# GeneTrail2 1.5

#### Statistical analysis of molecular signatures

## Identifier-level statistics

Whereas identifier lists and score lists can be used directly as input for computing enrichments, expression matrices need to be processed to identifier-level scores first. This step is needed to assess the amount of differential expression for each biological entity. In this section, methods are described that can be used to quantify the difference between two groups. Each group can contain several measurements (samples). We use $X$ and $Y$ to denote the random variables from which the samples are drawn and $x_i$ and $y_i$ for the samples itself. The number of drawn samples are denoted as n and m respectively.

### Commonly used scoring schemes

#### Fold change

The fold change is a measure describing how much the sample means $\bar{x}$ and $\bar{y}$ differ.

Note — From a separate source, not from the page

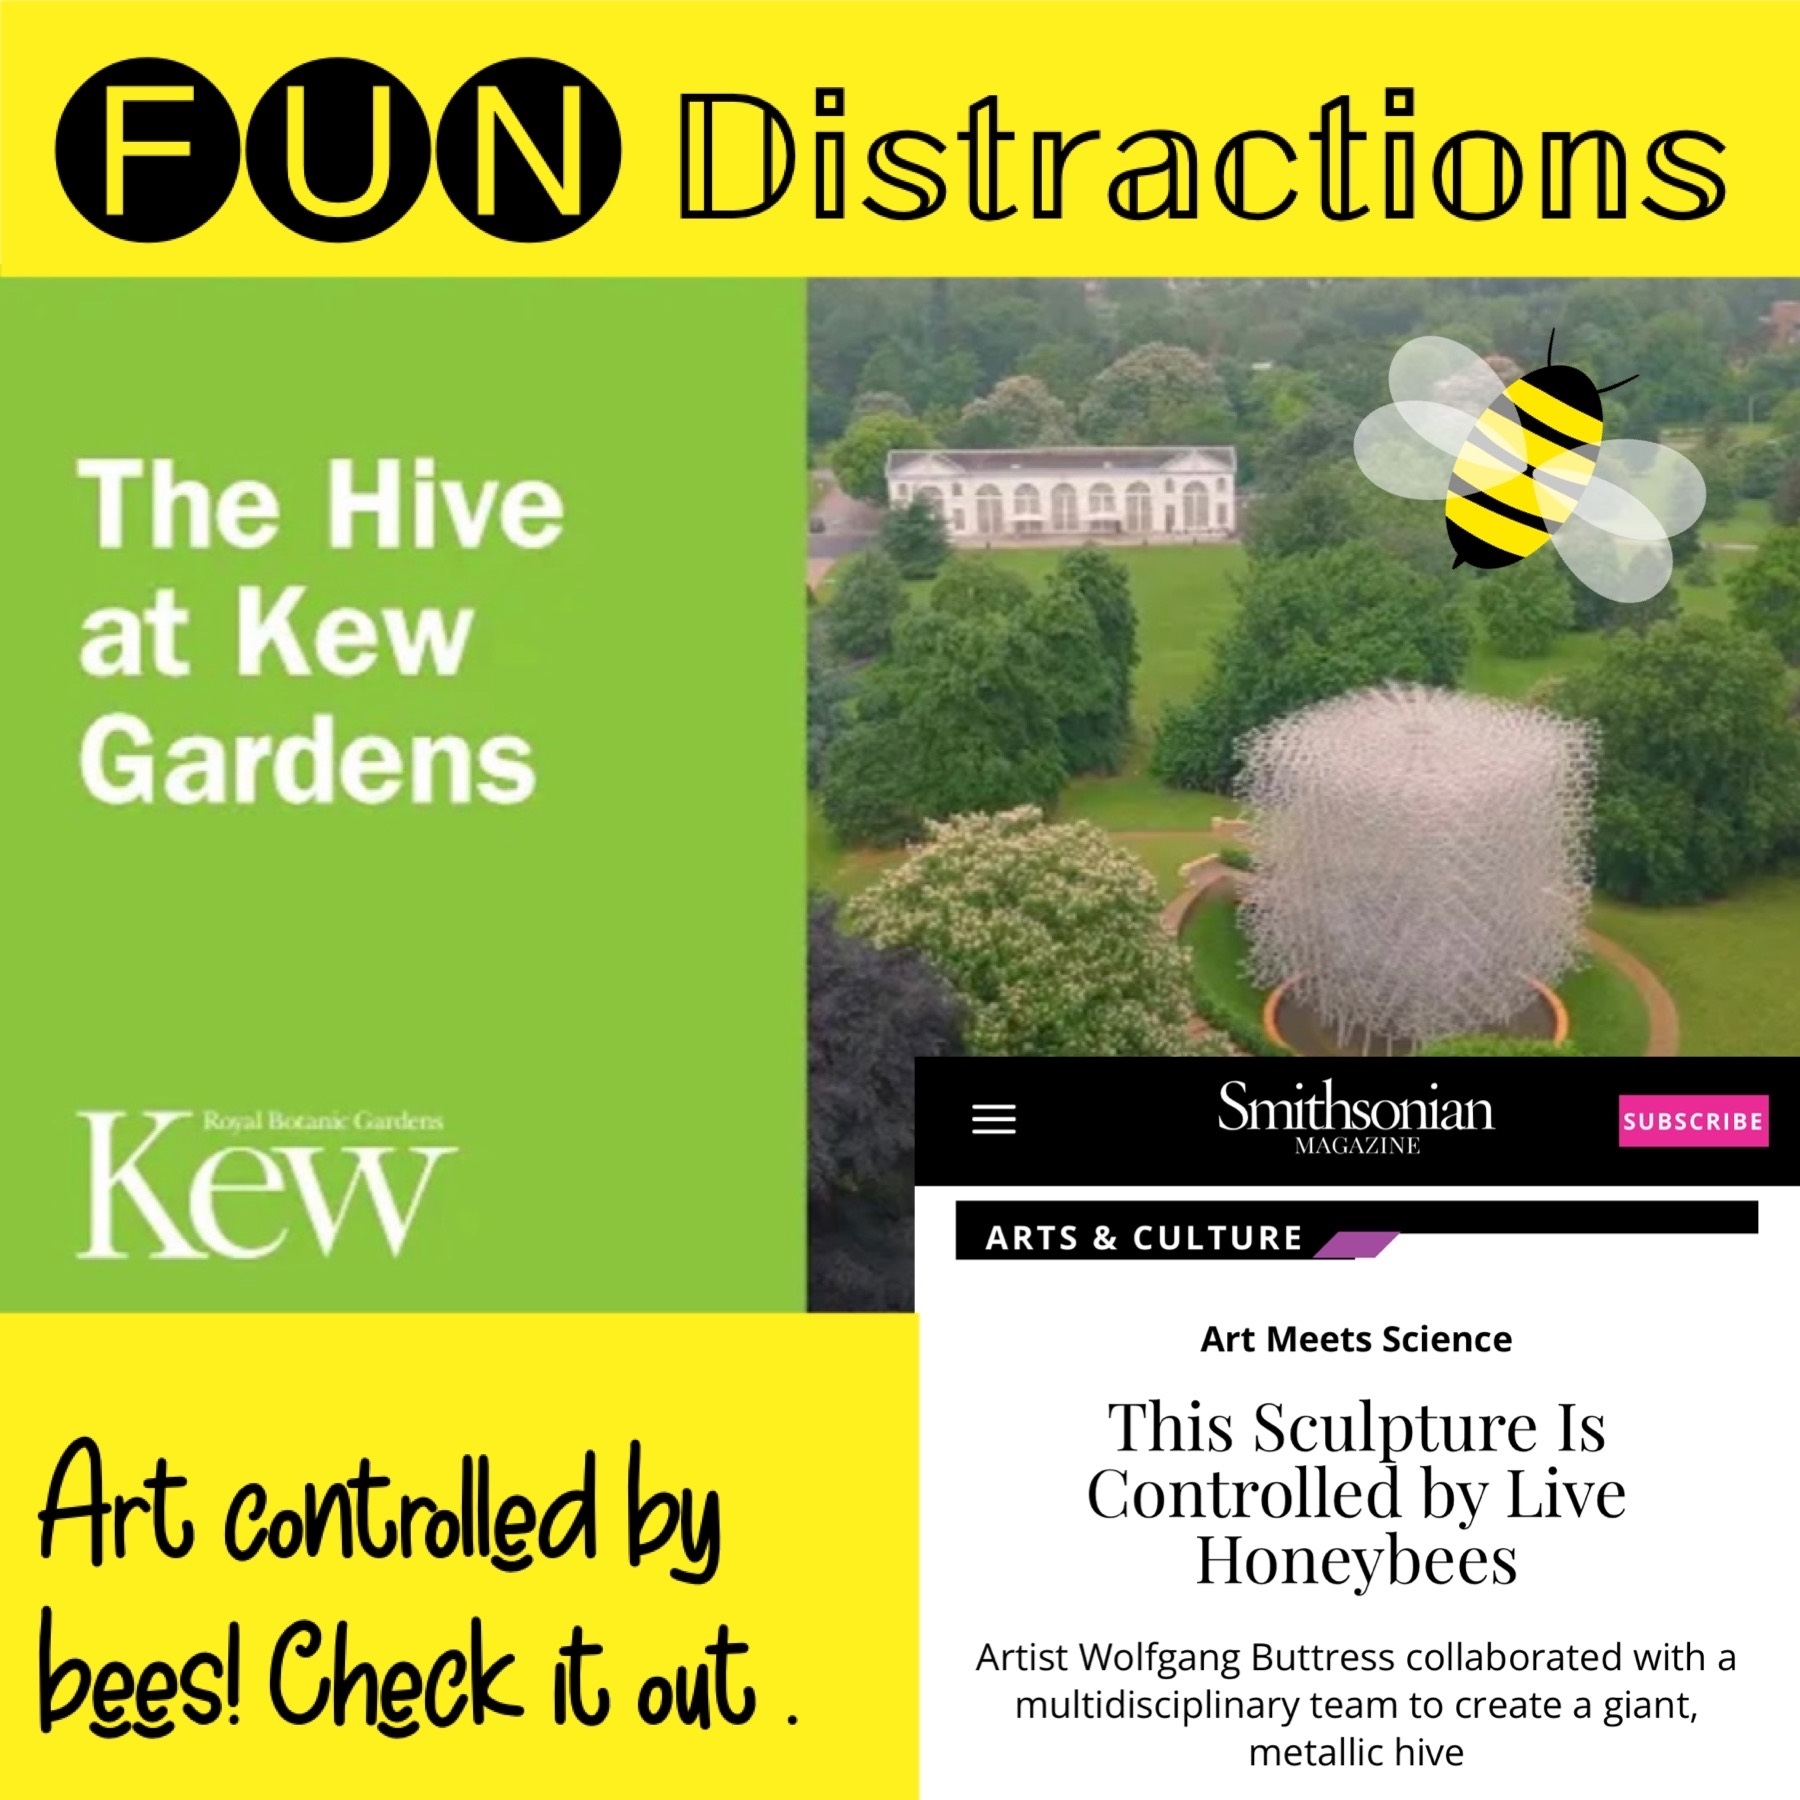 Image of the Hive sculpture at Kew Gardens

$$fc = \frac{\bar{x}}{\bar{y}}$$The standard fold change has the following problem. If $\bar{y}$ is bigger than $\bar{x}$ all possible fold changes have a value between 0 and 1, whereas if $\bar{y}$ is smaller then $\bar{x}$ the fold changes can have any value between 1 and infinity. This asymmetric scale makes it hard to interpret and compare different values. To overcome this difficulty, the fold change is often computed with logarithmized values. The logarithm transforms the fold change into a symmetrical scale, where a decrease is indicated by negative values and an increase by positive ones.

$$fc = log(\frac{\bar{x}}{\bar{y}}) = log(\bar{x}) - log(\bar{y})$$#### Z-score

The Z-score measures the distance between a score x and the mean of a normal population ($\mu$) in units of the standard deviation ($\sigma$) [1]. A negative value of z denotes that x is below $\mu$ and a positive value that it is above. The Z-score of a score $x$ is defined as:

$$z=\frac{x-\bar{y}}{s_y}$$#### Signal-to-noise ratio

Signal-to-noise (SNR) ratio is a measure that compares the level of a desired signal to the level of background noise [2]. It also describes the differences in the sample means in units of the standard deviation.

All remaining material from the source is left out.